“Planet Earth is big enough for the two countries to succeed,” said Xi Jinping, China’s president, as he met his US counterpart Joe Biden in San Francisco. It was one of several upbeat messages between the US and Chinese leaders as they made their clearest bid to stabilise ties since a bitter trade war erupted in 2018. Though it remains tentative, the indications are that the two men achieved at least the beginnings of a “reset” in relations that have slumped to their lowest ebb in 40 years.
More than four hours of talks delivered some key agreements. Most significant was China’s undertaking to reopen military-to-military communications channels that it shut down after the then US House Speaker Nancy Pelosi visited Taiwan in August 2022. Beijing said it would curb the export of chemicals used to make fentanyl, the potent synthetic opioid that has been linked to hundreds of thousands of deaths in the US.

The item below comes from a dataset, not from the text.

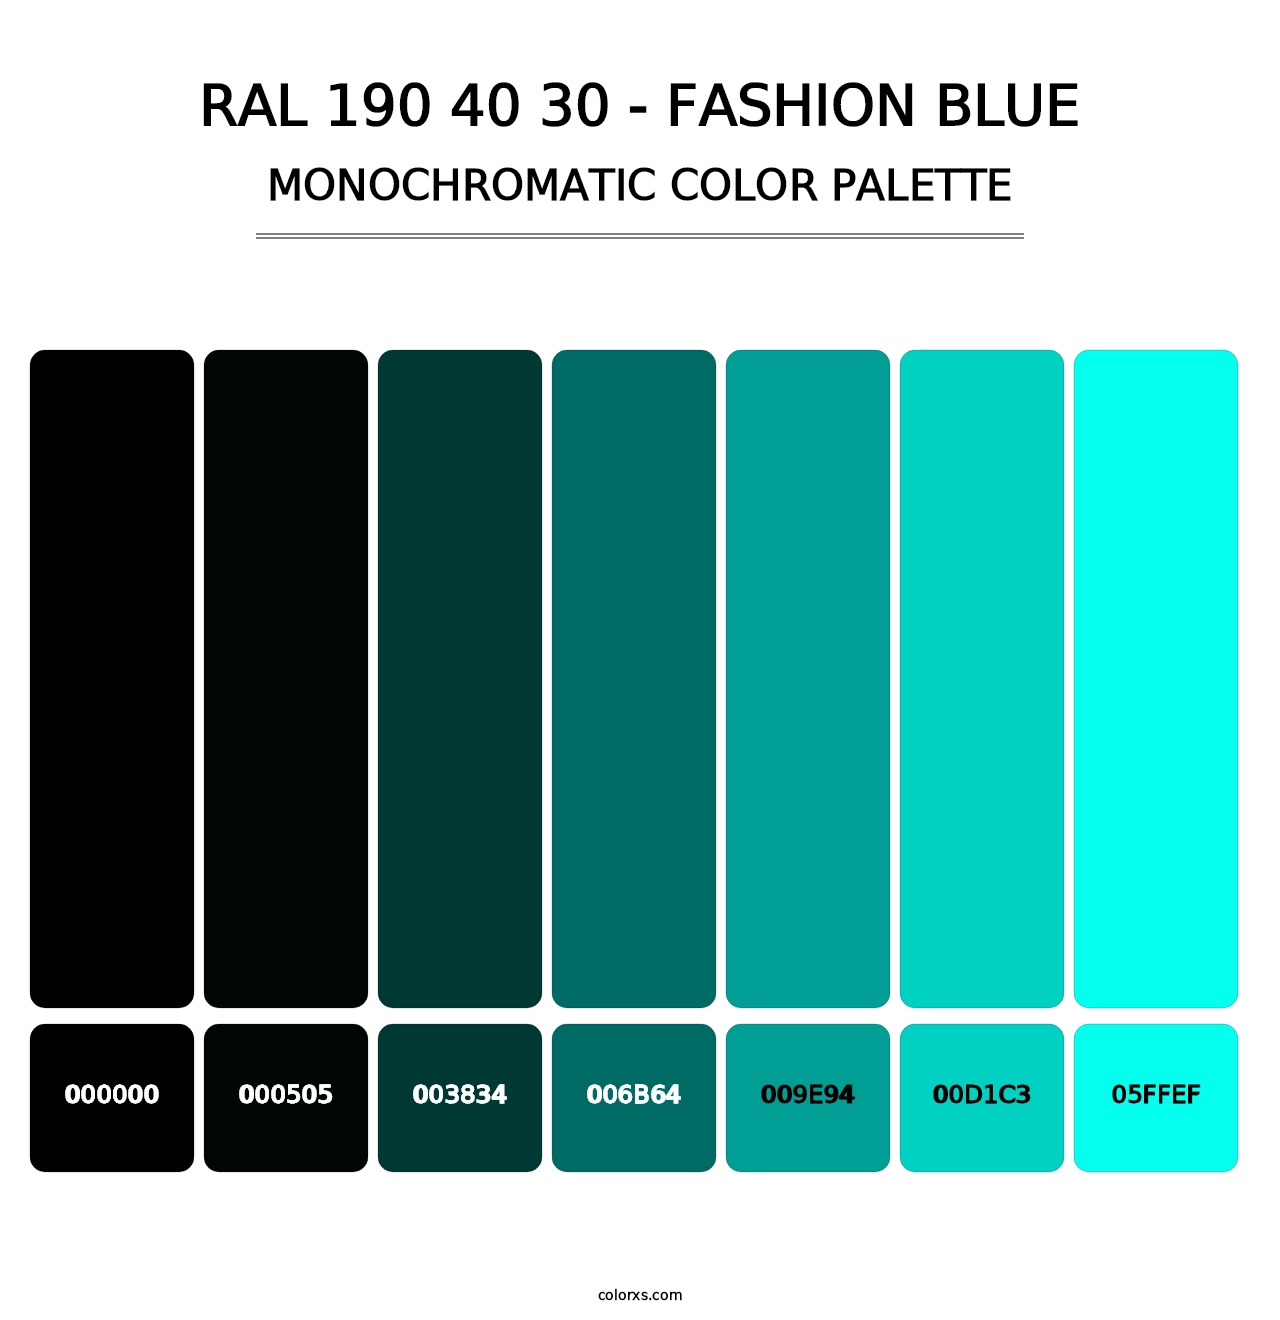 RAL 190 40 30 - Fashion Blue - Monochromatic Color Palette

There were signs of efforts, too, to reduce tensions over Taiwan. Xi is said to have voiced some “exasperation” over suggestions by US officials that China might use military action as early as 2027 to reunify the self-governing island with the mainland — and to have said there were no such plans. While Chinese officials have been unsettled by remarks by Biden that he would order the US military to defend Taiwan from a Chinese attack, the US president pointedly sidestepped post-meeting questions over whether he stood by those statements.